ABOUT THIS EXERCISE:
Copy the lines below word for word, skipping any image.

STORED DATA:
=== Begin Enclosure ===

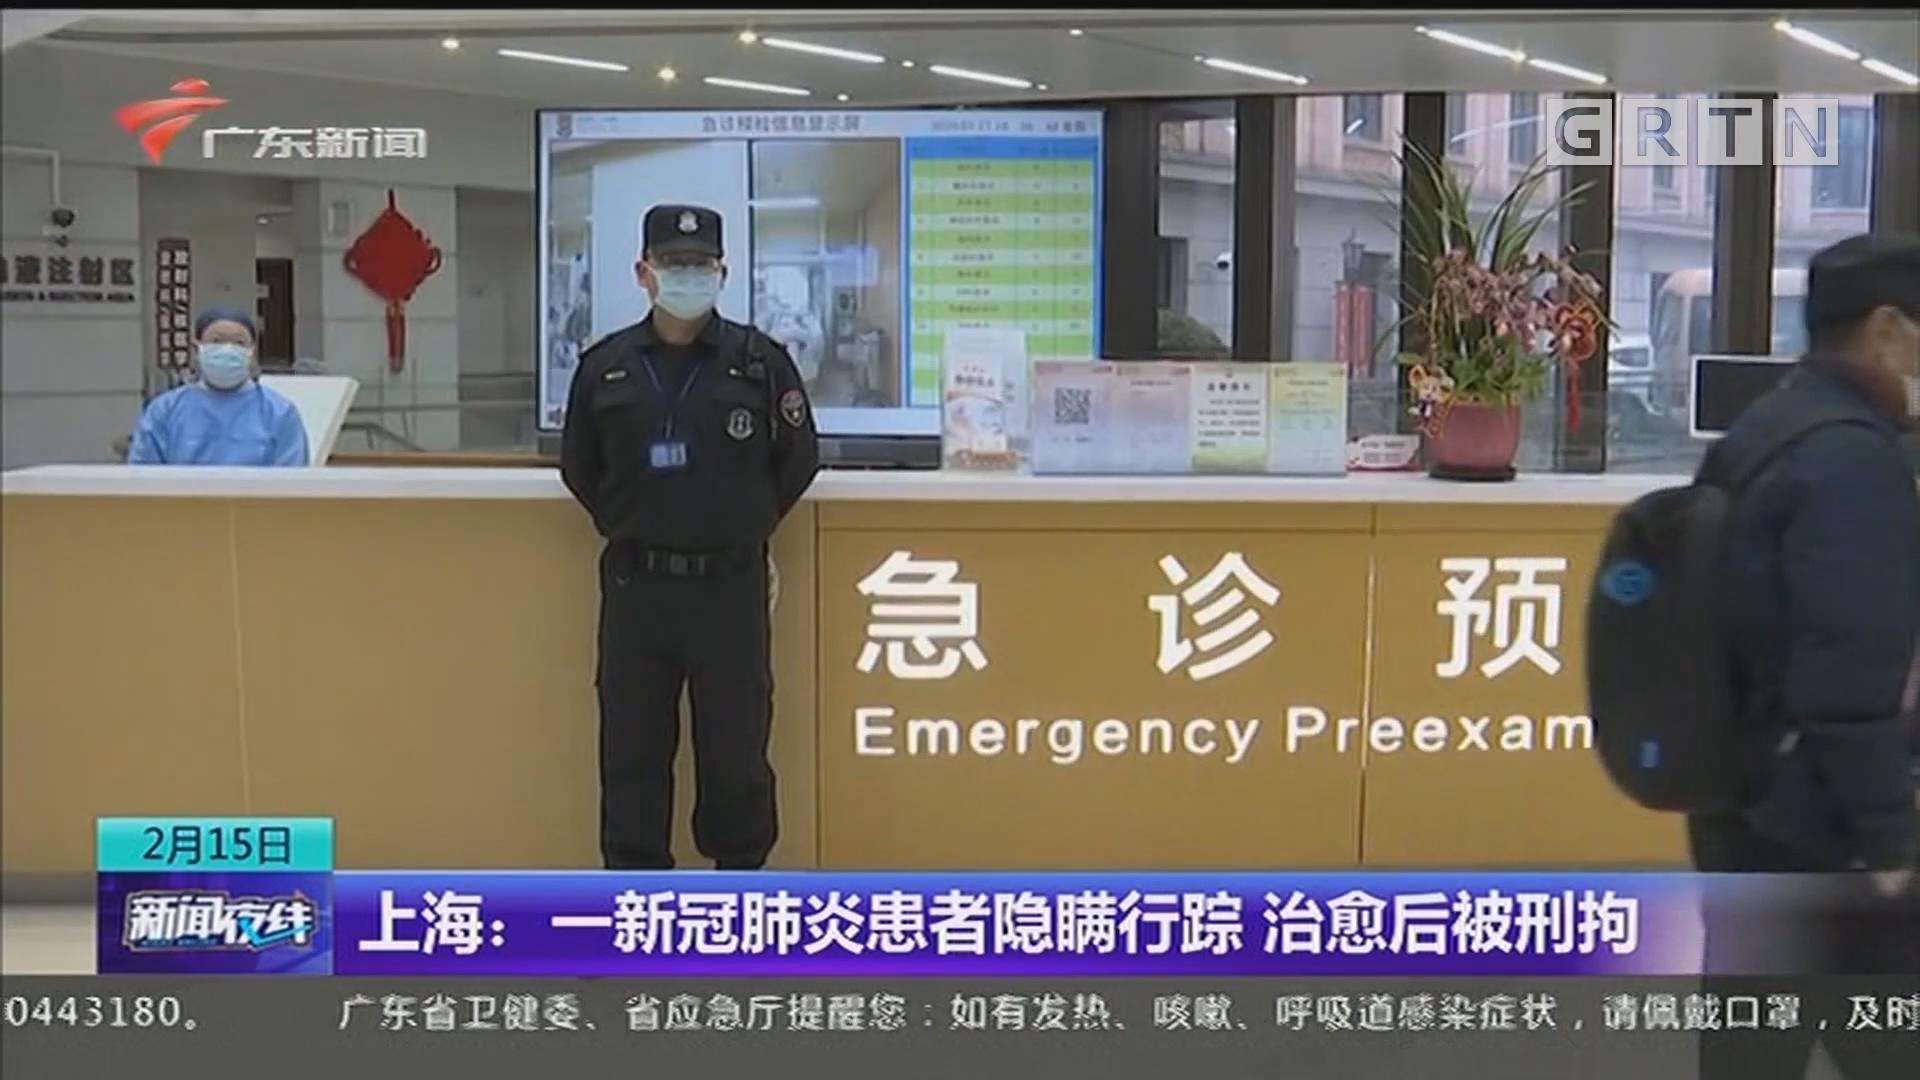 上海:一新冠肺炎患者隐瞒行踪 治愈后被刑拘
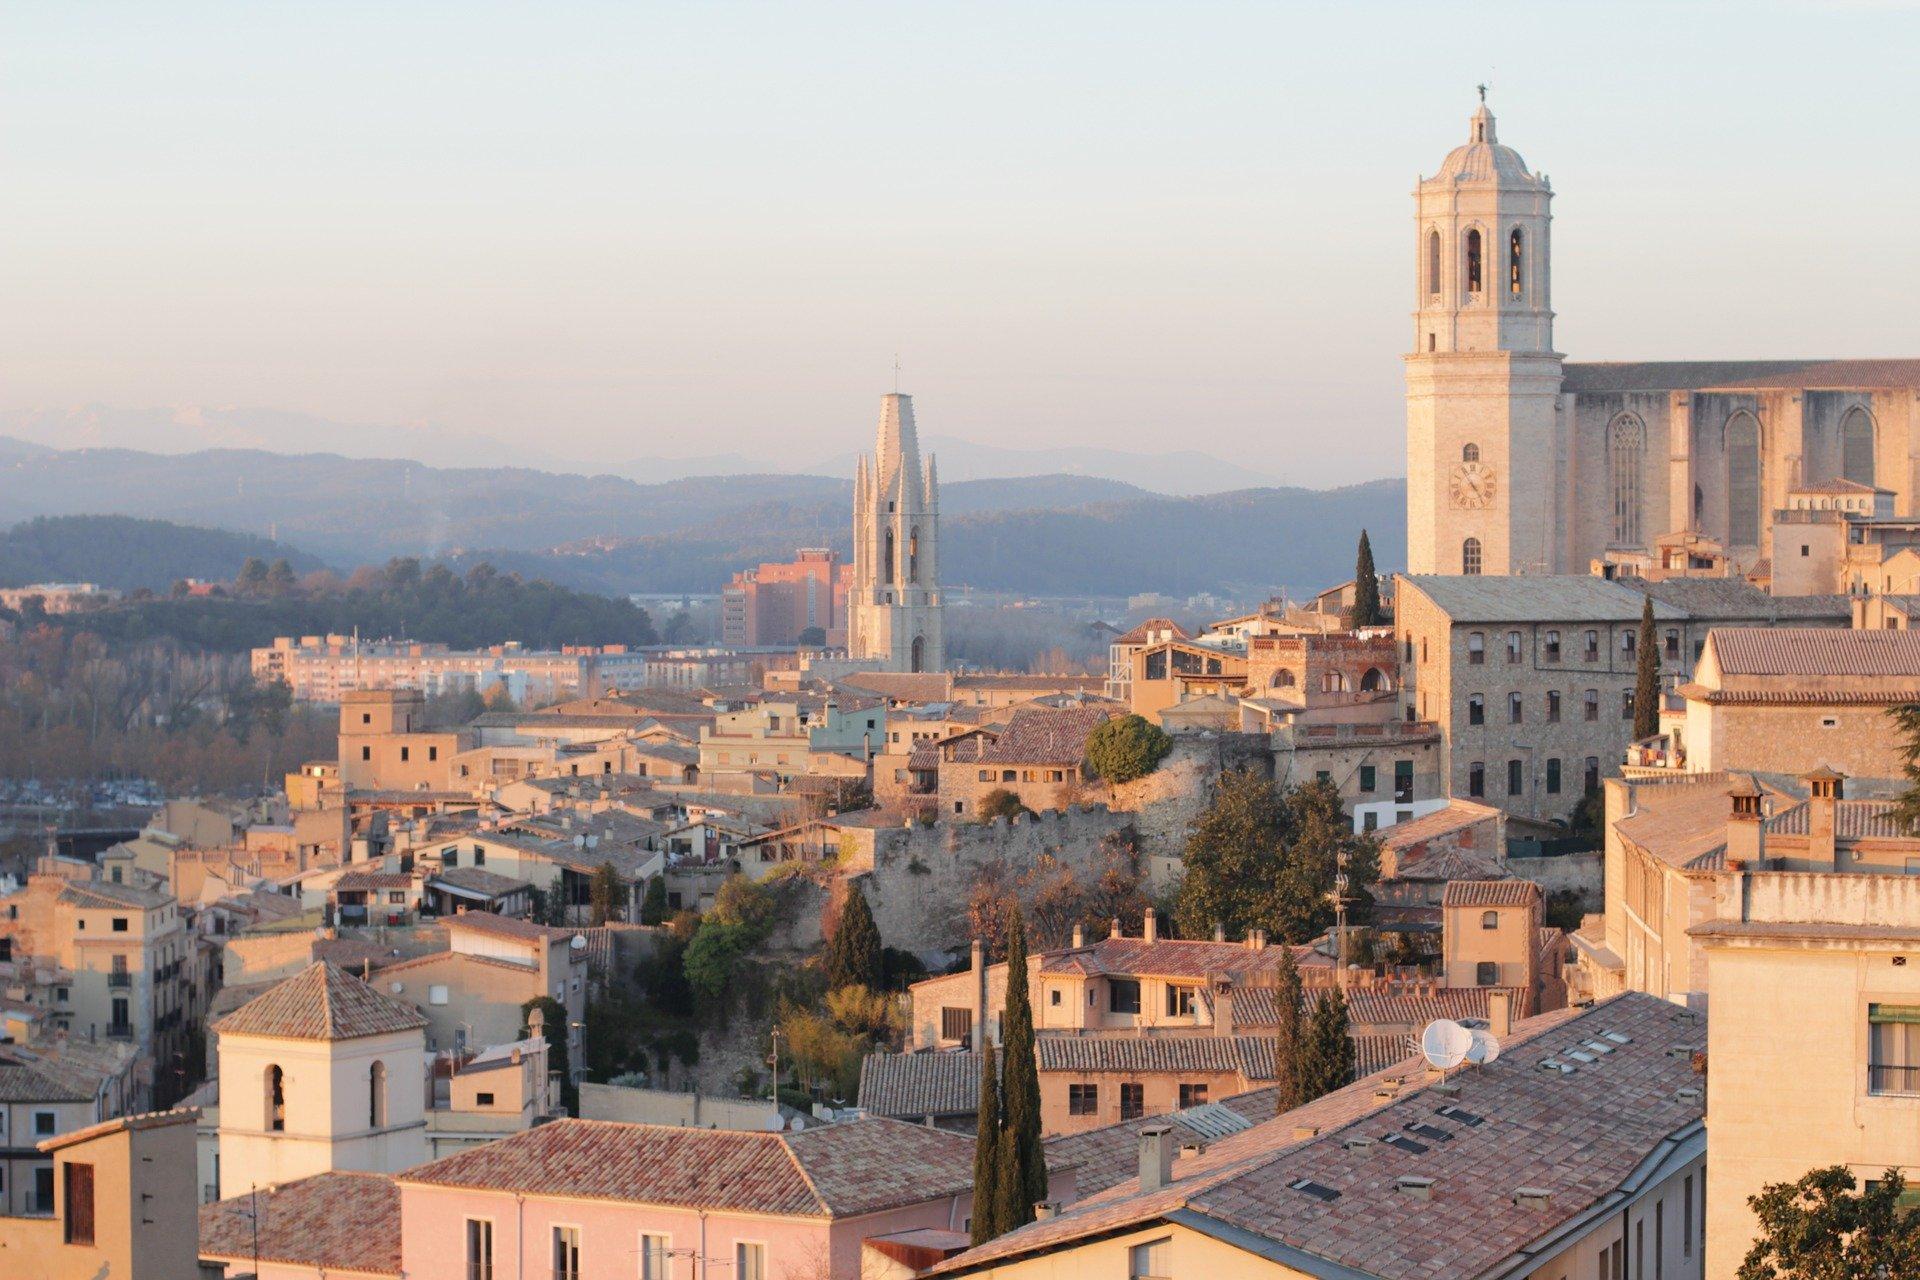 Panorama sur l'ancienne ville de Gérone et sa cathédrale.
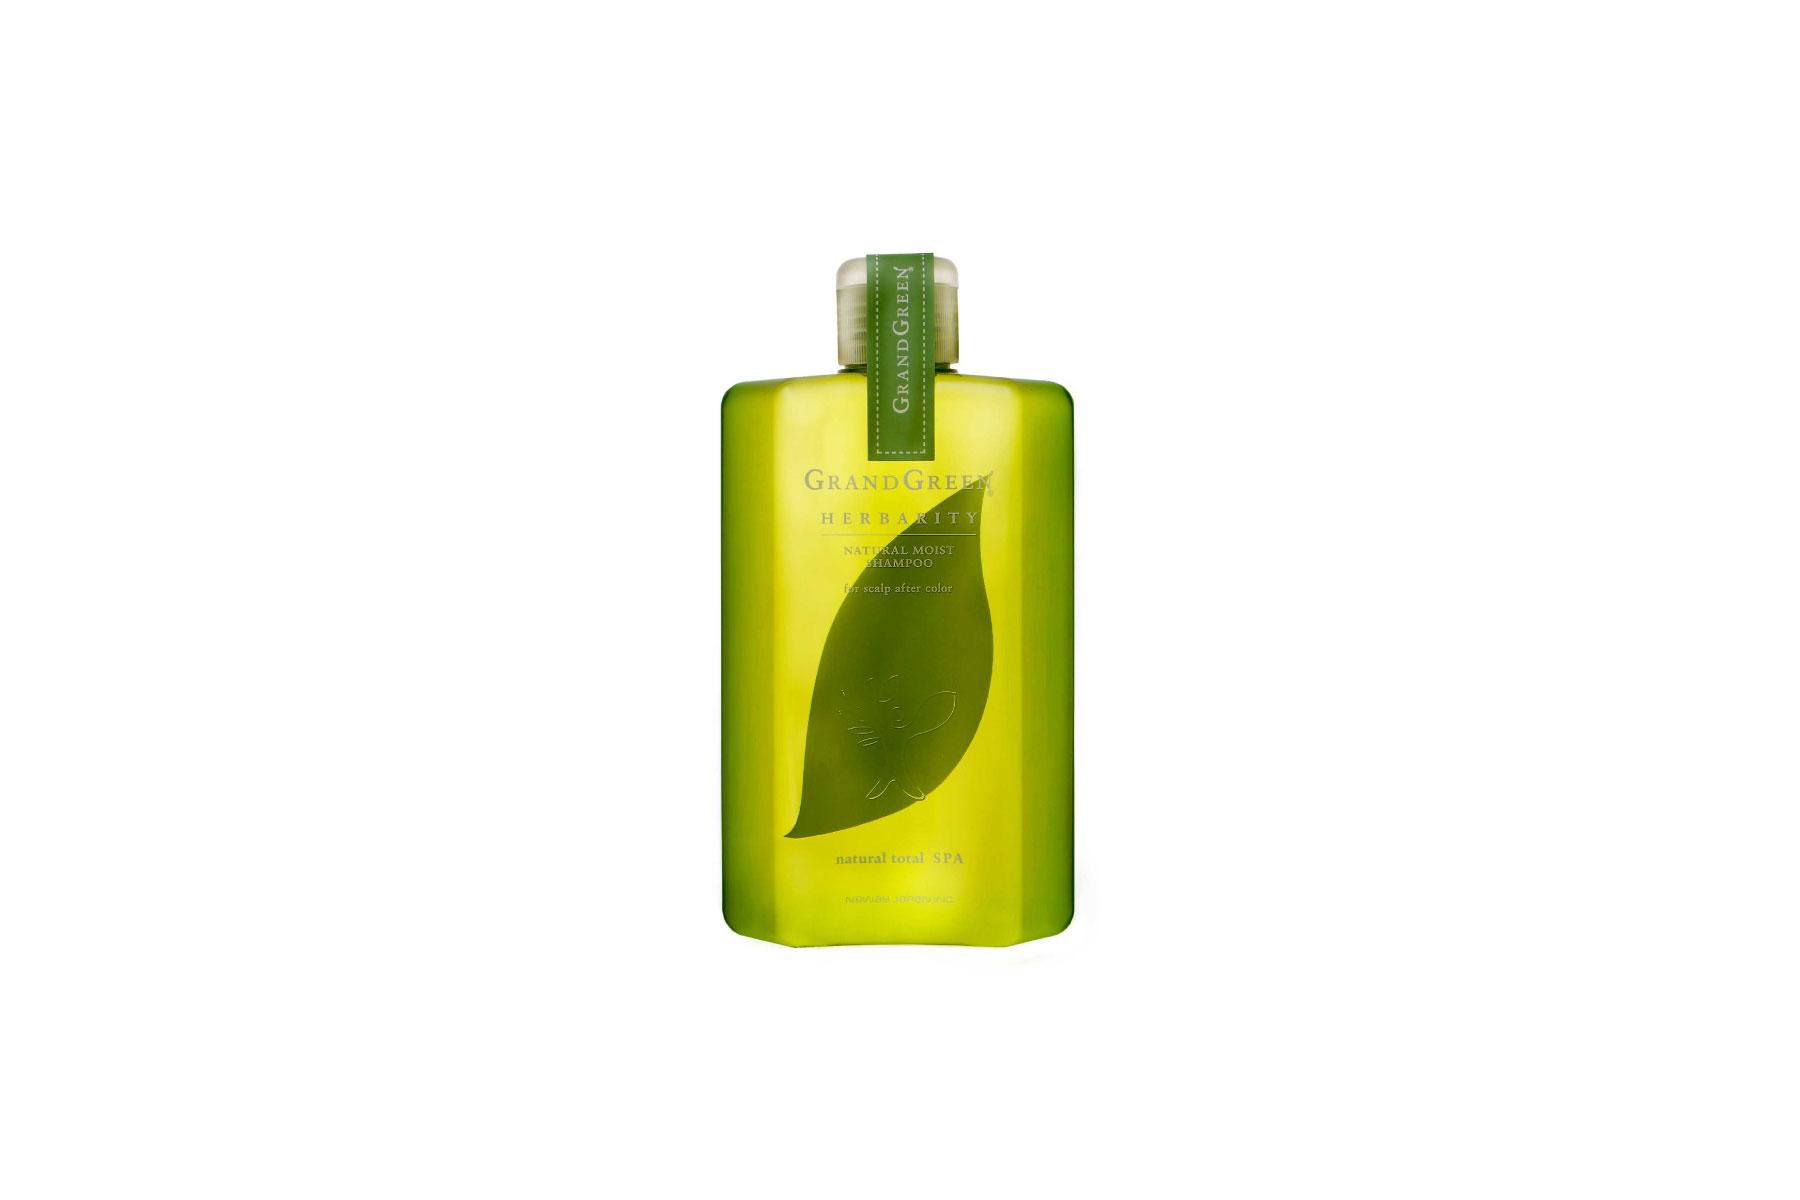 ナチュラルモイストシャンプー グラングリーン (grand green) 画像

=== End Enclosure ===

SOLUTION TO THIS TASK:
 上海:一新冠肺炎患者隐瞒行踪 治愈后被刑拘
 Panorama sur l'ancienne ville de Gérone et sa cathédrale.
 ナチュラルモイストシャンプー グラングリーン (grand green) 画像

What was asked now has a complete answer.